Le Naha-Te, les racines chinoises du karaté

Karaté

Zenei Oshiro, 8e dan Karaté goju-ryu et Kobudo • © Denis Boulanger / FFKDA
Zenei Oshiro, 8e dan Karaté goju-ryu et Kobudo • © Denis Boulanger / FFKDA
Oshiro Sensei est l’un des plus fins connaisseurs de ce karaté traditionnel issu de la petite île du pacifique perdue entre la Chine et le Japon, Okinawa. Lors d’un article précédent la semaine dernière, nous avons découvert la lignée du karaté « Shotokan », issu d’un des trois grands styles d’Okinawa, le Shuri-Te. Découvrons cette fois la grande influence du Naha-Te.

Deuxième partie : le Naha-Te, les racines chinoises du karaté

Rappelons cette histoire semi légendaire des trente-six familles chinoises réunies dans ce village de Kume, en périphérie de Naha à l’époque. Ce serait en 1393 qu’un empereur chinois envoya ses premiers émissaires vers Okinawa pour demander un tribut. Ce sont des diplomates, des marchands, des experts de toutes sortes qui diffusent la culture chinoise. On trouve encore la trace de manifestations publiques des gens de Kume effectuées au XIXe siècle. C’est là que commence l’histoire du Naha-Te.
Naha ? Aujourd’hui, c’est la ville principale d’Okinawa.

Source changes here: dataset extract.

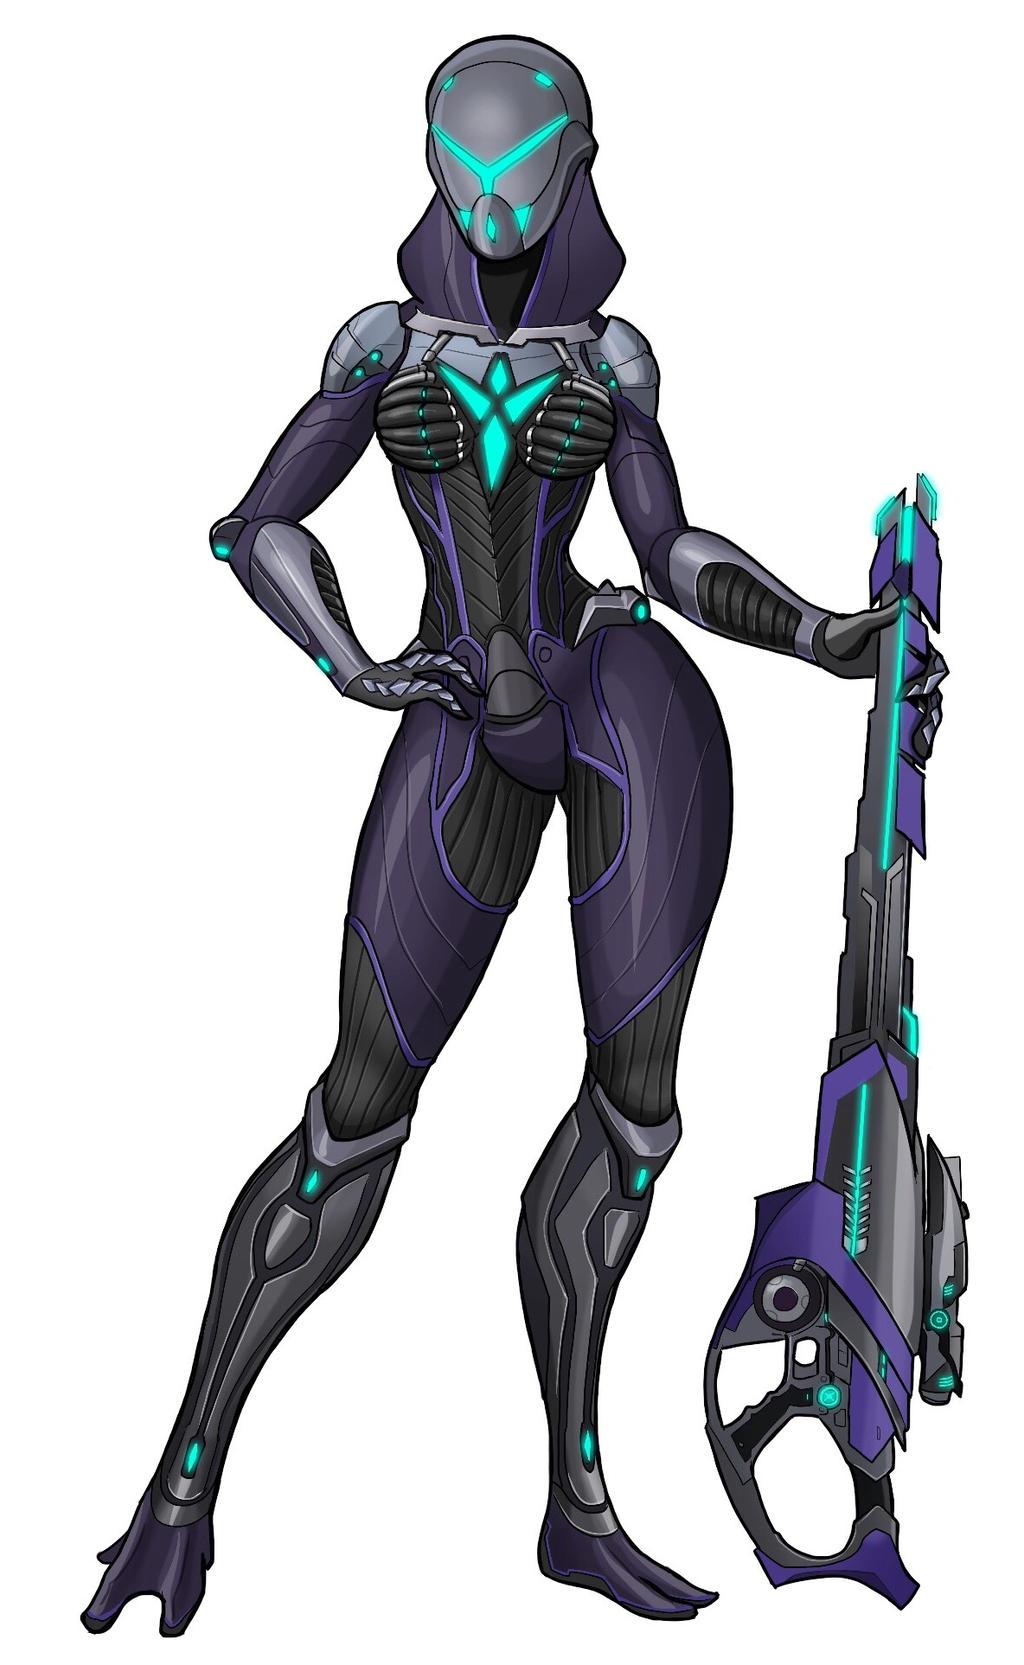 Tali - Vanu infiltrator by spaceMAXmarine

Shuri et Tomari ont été englobés dans ce tissu urbain et n’en sont plus que des quartiers. Mais à l’époque, ces bourgades sont distinctes les unes des autres, mais très proches en termes de distance. C’est étonnant aujourd’hui de penser que Shuri est à peine à huit kilomètres de Naha, et que le village de Tomari est entre les deux ! Pourtant, les trois grandes influences originelles du karaté d’Okinawa tiennent dans ce mouchoir de poche. Il faut penser que dans un monde sans voiture, et même sans chevaux, comme Okinawa à l’époque, si sept ou huit kilomètres sont faisables en quelques heures de marche, on ne fait pas ça tous les jours. Si proches… mais déjà assez loin quand on marche à pied !
Shuri était la capitale royale, Naha et Tomari sont les deux villages portuaires, où se font les échanges commerciaux. Déjà la mentalité n’est pas la même et les experts sont un peu différents à ce niveau. A Shuri, on pratique le To-De pour des raisons de prestige social et pour obtenir une charge honorifique à la cour royale. À Naha, c’est une aventure plus personnelle, liée aussi aux voyages commerciaux, à la découverte de soi et des mystères de la Chine, une relation qui fait sa spécificité.
L’histoire du Naha-Te prend ses racines au XIVe siècle, mais sa naissance historique est, comme celle du Shuri-Te, une aventure du XIXe siècle.

Higaonna, un réformateur

Né à Naha Higaonna Kanryo commence la pratique du combat à la façon de Kume avec un expert nommé Aragaki Seisho, un homme qui parle chinois et finira par retourner en Chine. C’est muni de ces bases solides en boxe chinoise que le jeune homme part lui-même en Chine à la découverte des secrets du combat. Il fait probablement du commerce entre l’île et le continent. Il serait resté plus de dix ans, rencontrant de nombreux maîtres, apprenant la Grue Blanche et de très nombreux katas dont le karaté a gardé la trace, comme Sanchin, Seyonchin, Shisochin, Seisan, Sanseru, Kururunfa ou encore Suparinpei.
C’est entre trente et quarante ans qu’il revient à Okinawa et ouvrit un dojo d’abord confidentiel, enseignant notamment la position Sanchin-dachi, sur laquelle il était lui-même indéracinable dit la légende.
Contemporain d’Itosu – il mourra la même année, en 1916 – Higaonna va, comme lui, rompre avec les habitudes de secret et enseigner à beaucoup de monde, y compris dans les établissements scolaires et les dojos de la police. Il aurait sans doute aussi volontairement édulcoré certains aspects de son système de « Naha-Te » pour le rendre plus attractif et accessible. C’est autour du kata Sanchin, qui incarne le cœur du Naha-Te et des styles qui ont suivi, que se repèrent les modifications apportées, puis corrigées, ou pas, par les autres générations. Comme le Shuri-te est réuni dans l’appellation générale de Shorin-Ryu, le Naha-Te et tous les styles proches sont regroupés dans l’appelation Shorei-Ryu… qui veut dire la même chose (École de Shaolin).
Le « Naha-Te » d’Higaonna était dynamique, avec des coups de pied rapides et beaucoup de déplacements. Si il est manifeste qu’il avait appris Sanchin mains ouvertes, il le transmit à la plupart de ses élèves poings fermés et avec un mode de respiration plus courte et fluide, sur un rythme plus rapide. Le style a beaucoup évolué sous l’influence de son principal élève Miyagi Chojun, fondateur du Goju-Ryu qui donnera, entre autres, les caractéristiques actuelles du kata Sanchin : contraction constante, respiration sonore et forcée en inspiration comme à l’expiration.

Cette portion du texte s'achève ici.